# BikeSource Stores



## Bob29er (Jul 19, 2010)

Has anyone had any experiences at BikeSource, Good or bad, and be willing to share?


----------



## Icculus (Mar 14, 2007)

My good friend helps run the shop in Littleton or Highlands Ranch. Great bunch of guys. I have heard nothing but good things. Nice selection of bikes.


----------



## Bob29er (Jul 19, 2010)

Thank you for your kind words. Introduce yourself, if you like, next time you are in.


----------



## SunnyinCO (Oct 26, 2010)

It would be better if they stop raiding the stores by opening up new stores and taking all the good people to the new store. 
There are a couple good people left in H.R.

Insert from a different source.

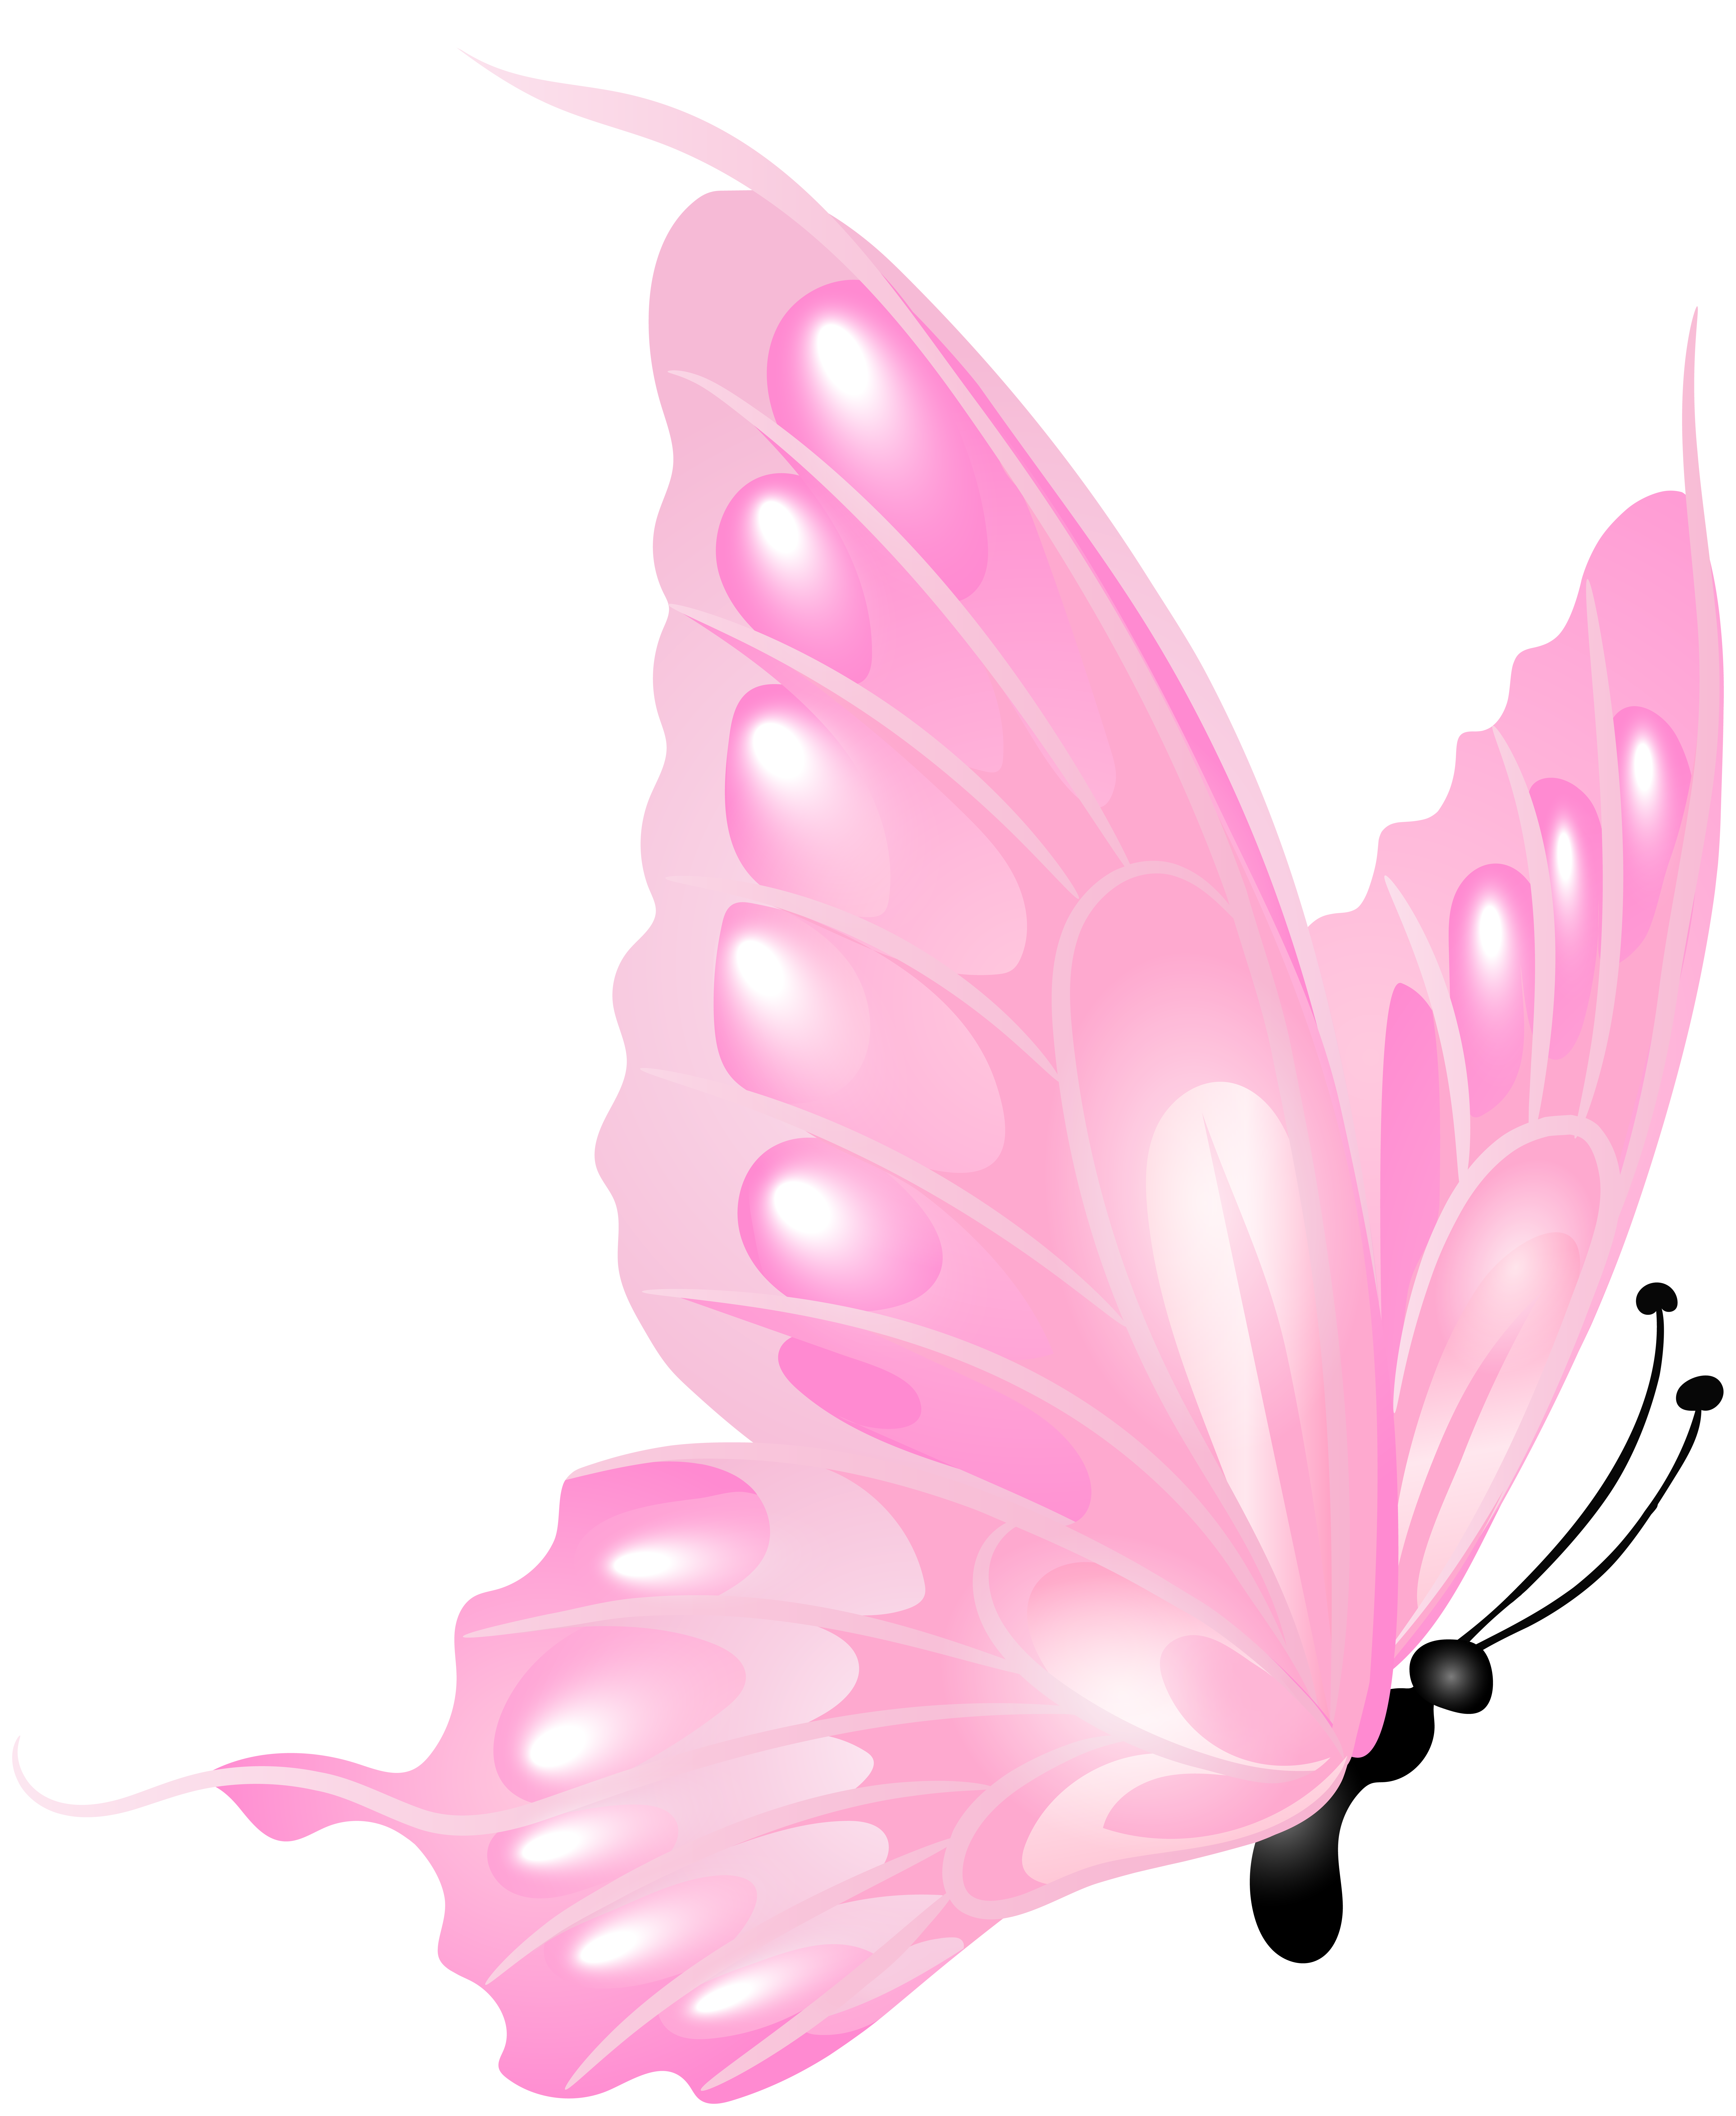 Bướm hồng trong suốt là một trong những loài bướm đẹp nhất mà bạn từng thấy. Với màu sắc tươi sáng và hình dáng đầy uyển chuyển của mình, bướm hồng trong suốt đã chiếm trọn trái tim của rất nhiều người. Hãy đến và chiêm ngưỡng vẻ đẹp bất tận của bướm hồng trong suốt để trải nghiệm một khoảnh khắc tuyệt vời trong thiên nhiên.

Seriously, some of those new people need some serious training yet. Hopefully they will stick around and learn from the best...right Bob?


----------



## Bob29er (Jul 19, 2010)

Hopefully I'm one of the good ones


----------



## stlutz (Jan 6, 2005)

I've bought 3 bikes there over the years. Bike Source has always had good people working for them. Hans at the HR store is one of my favorite people in cycling. Their shop work has always been good, albeit not cheap.

The bad part is that they've basically become a Specialized-only store now. As such, I no longer feel like I'm getting candid advice when looking at things ("A Spec. BG saddle would be *perfect* for you"). The result is that I don't end up going there a whole lot anymore. But, in fairness, that is the way the industry has been going with manufacturers looking for retailers who only sell their stuff.


----------



## Icculus (Mar 14, 2007)

Steve is a great mechanic at the HR store and can ride a bike like no other. Check out the store and give them a chance. Bikes are cool.


----------



## SunnyinCO (Oct 26, 2010)

Bob29er said:



> Hopefully I'm one of the good ones


Absolutely. 

They are a passionate group of people. They are definitely doing it right with opening up two stores in the past few years. I tell people all the time to give them a change and stop in. The inventory is big and always seems to have everything you need. If they do not have it, they have always been willing to special order it for me and more than happy to do it. I have been in other places a while back and they do not want to deal with special orders. They would just rather try and sell you what they have in stock.


----------